Reproduce the whole listing exactly, omitting any picture it holds.

» **Given material**
◆ ◆ ◆ ◆ ◆
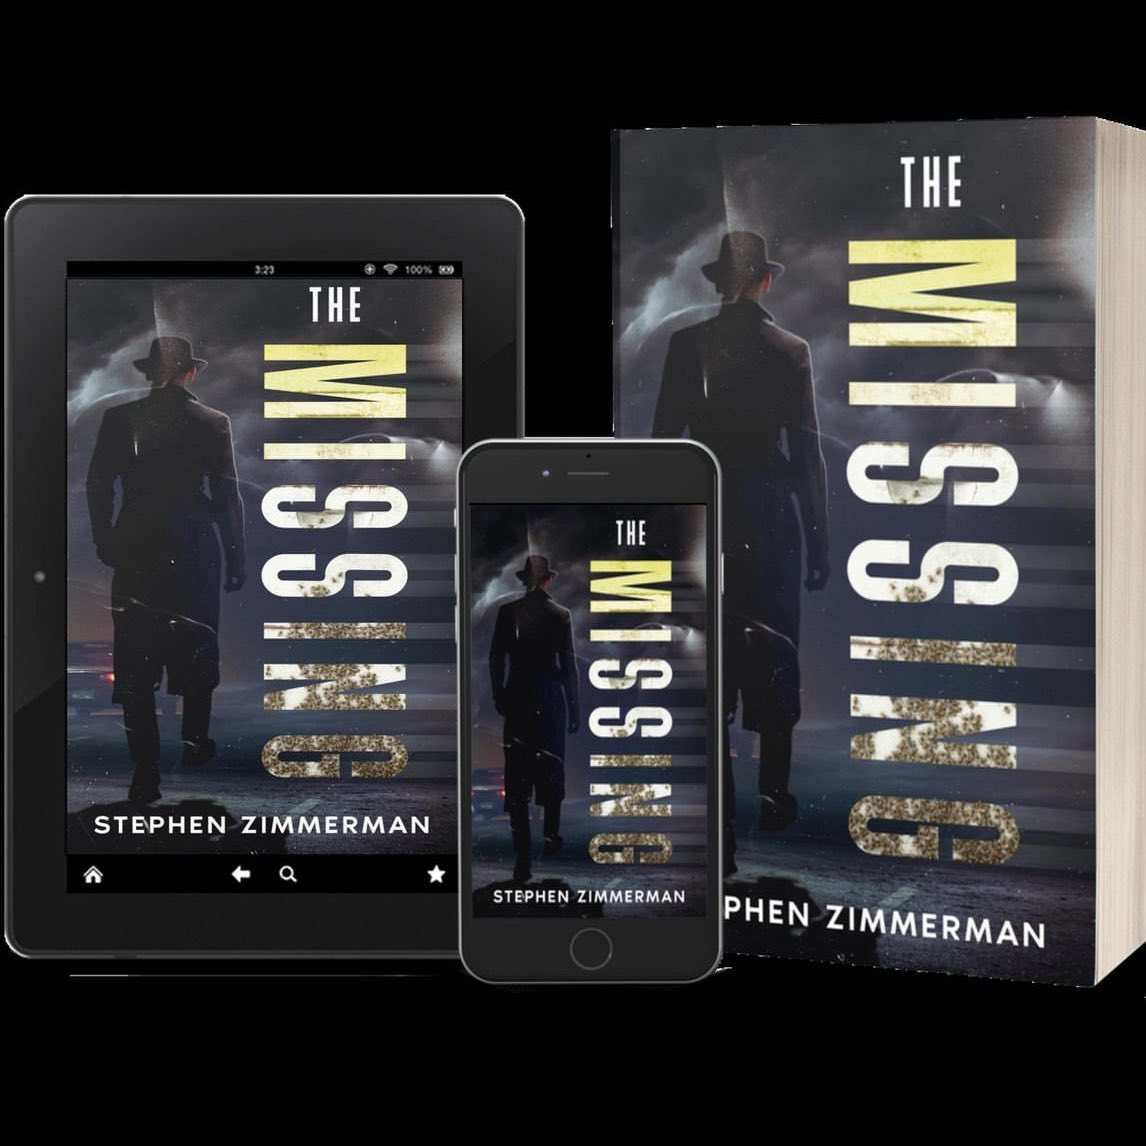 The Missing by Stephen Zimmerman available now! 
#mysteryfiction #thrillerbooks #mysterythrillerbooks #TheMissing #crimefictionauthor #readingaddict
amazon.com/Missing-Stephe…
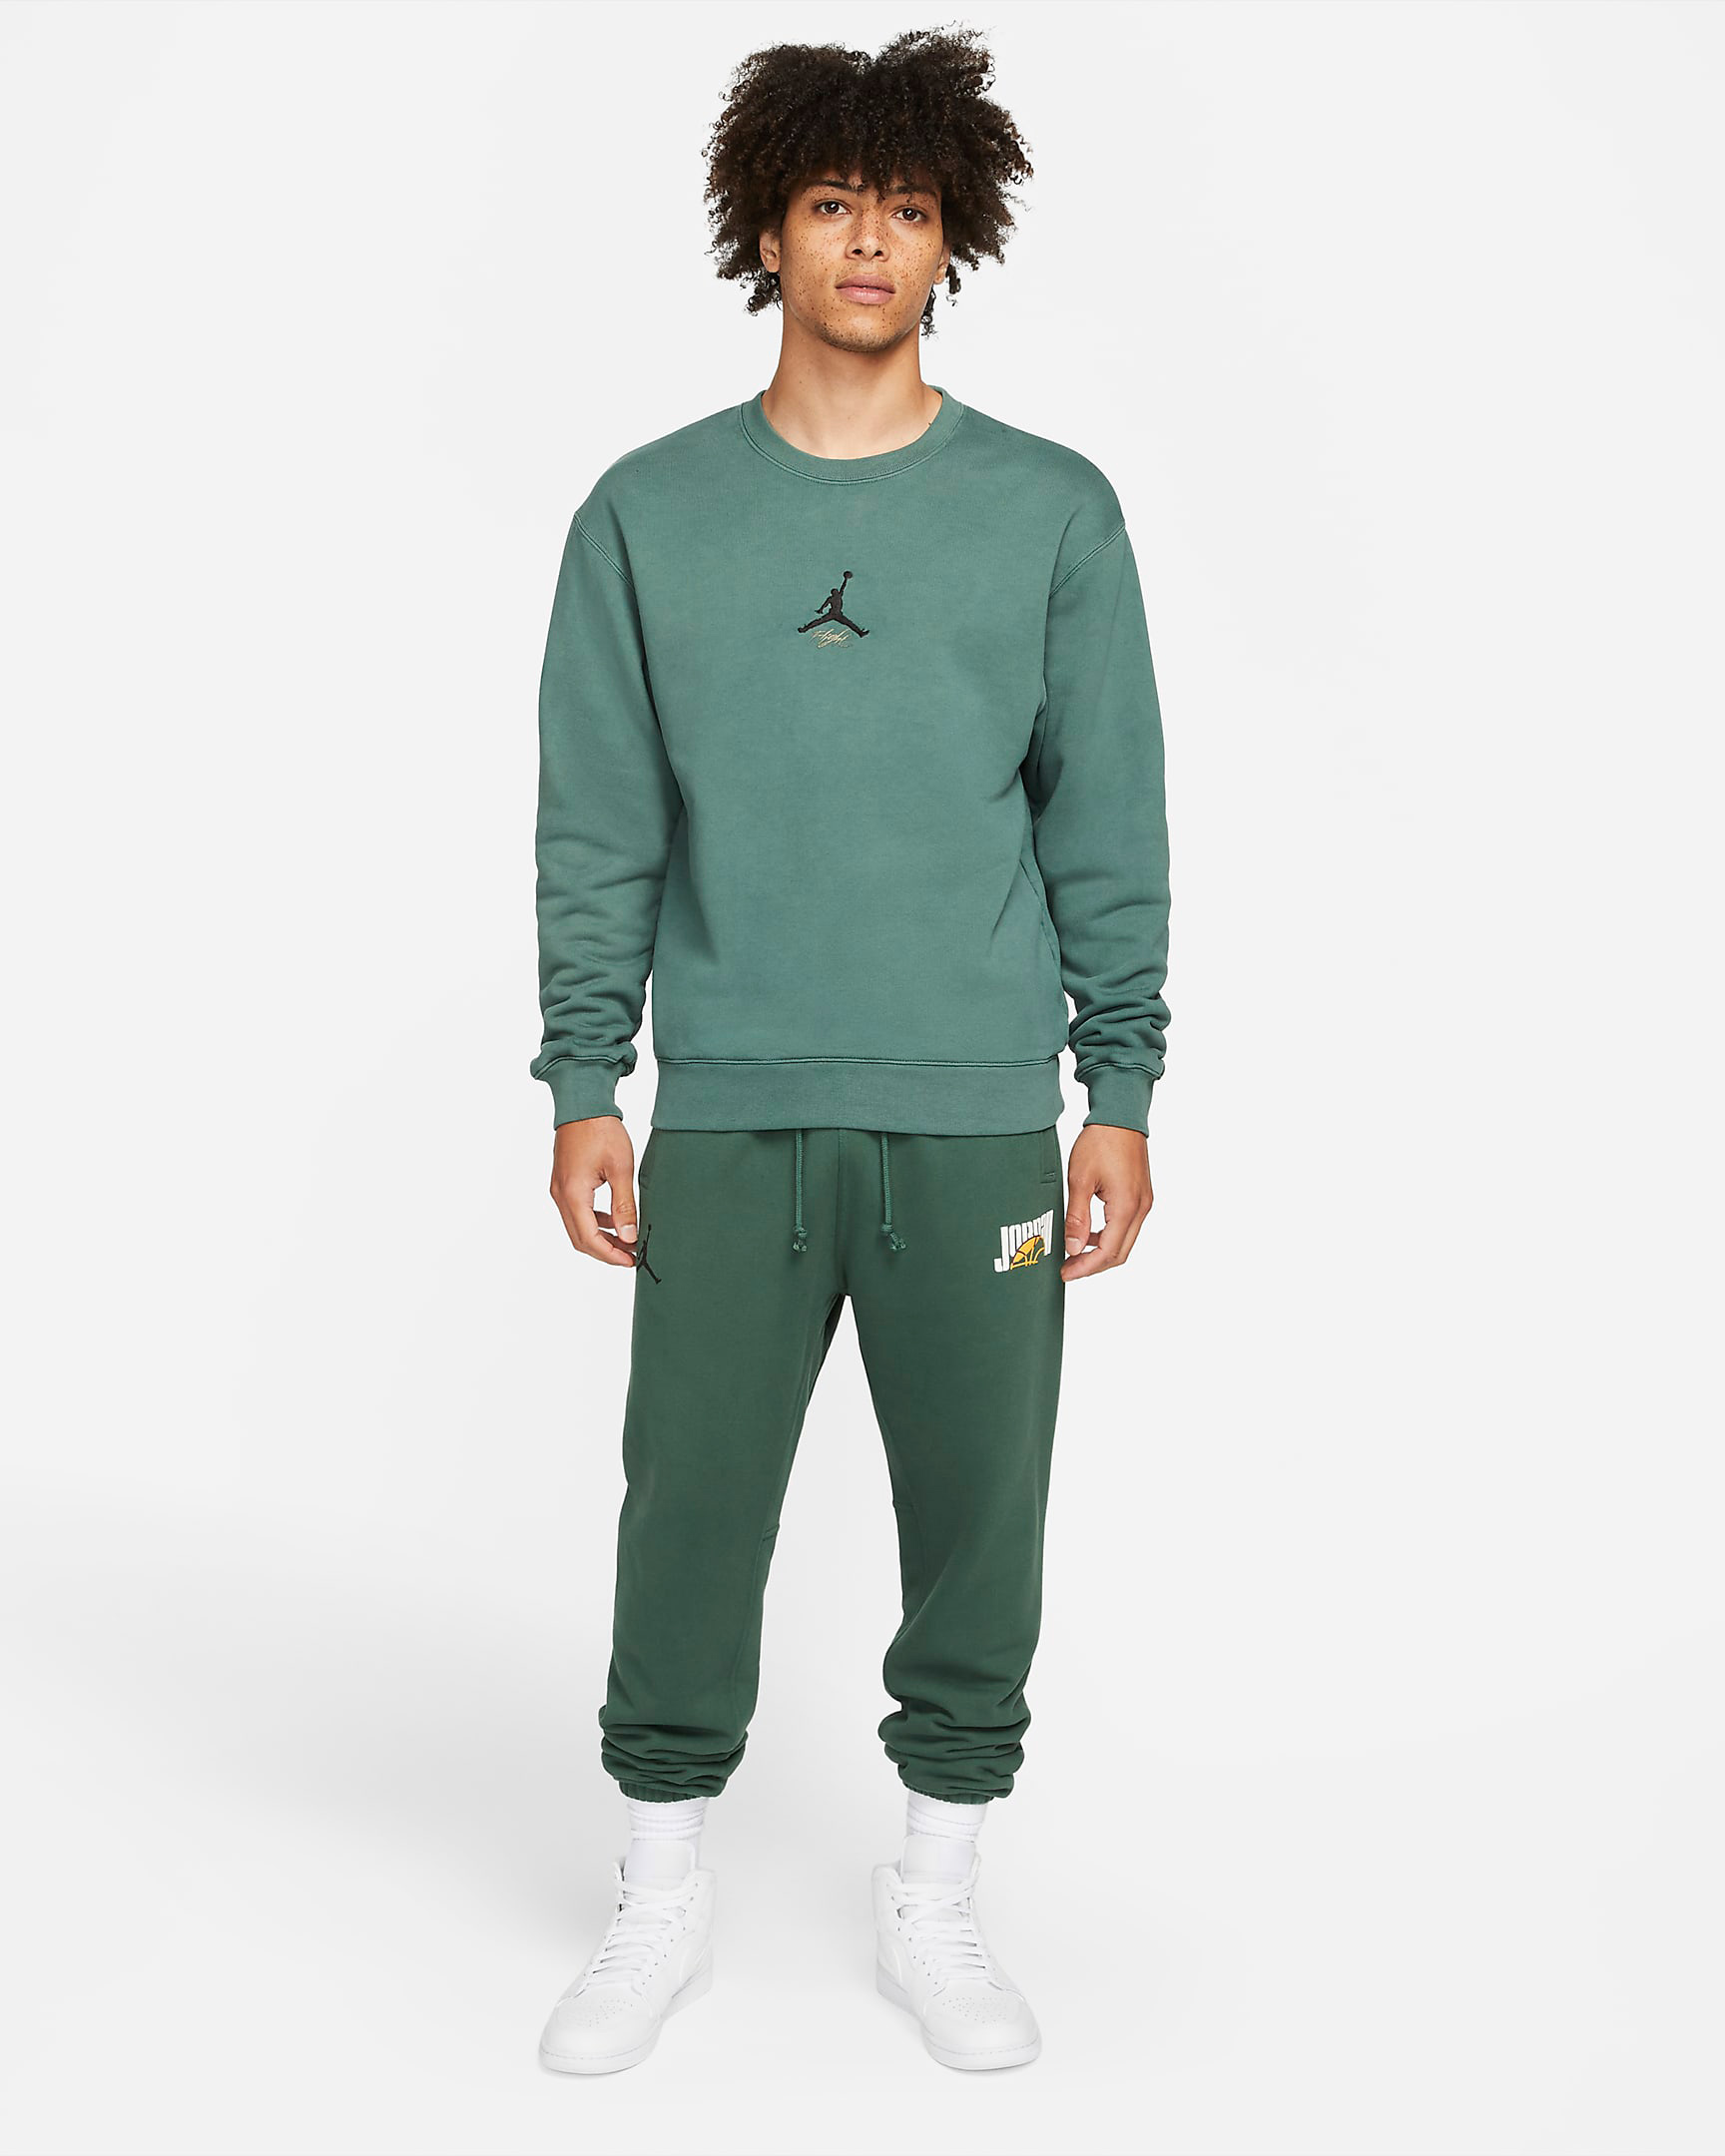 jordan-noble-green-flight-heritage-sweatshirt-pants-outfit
◆ ◆ ◆ ◆ ◆
» **Written answer**
 The Missing by Stephen Zimmerman available now! 
#mysteryfiction #thrillerbooks #mysterythrillerbooks #TheMissing #crimefictionauthor #readingaddict
amazon.com/Missing-Stephe…
 jordan-noble-green-flight-heritage-sweatshirt-pants-outfit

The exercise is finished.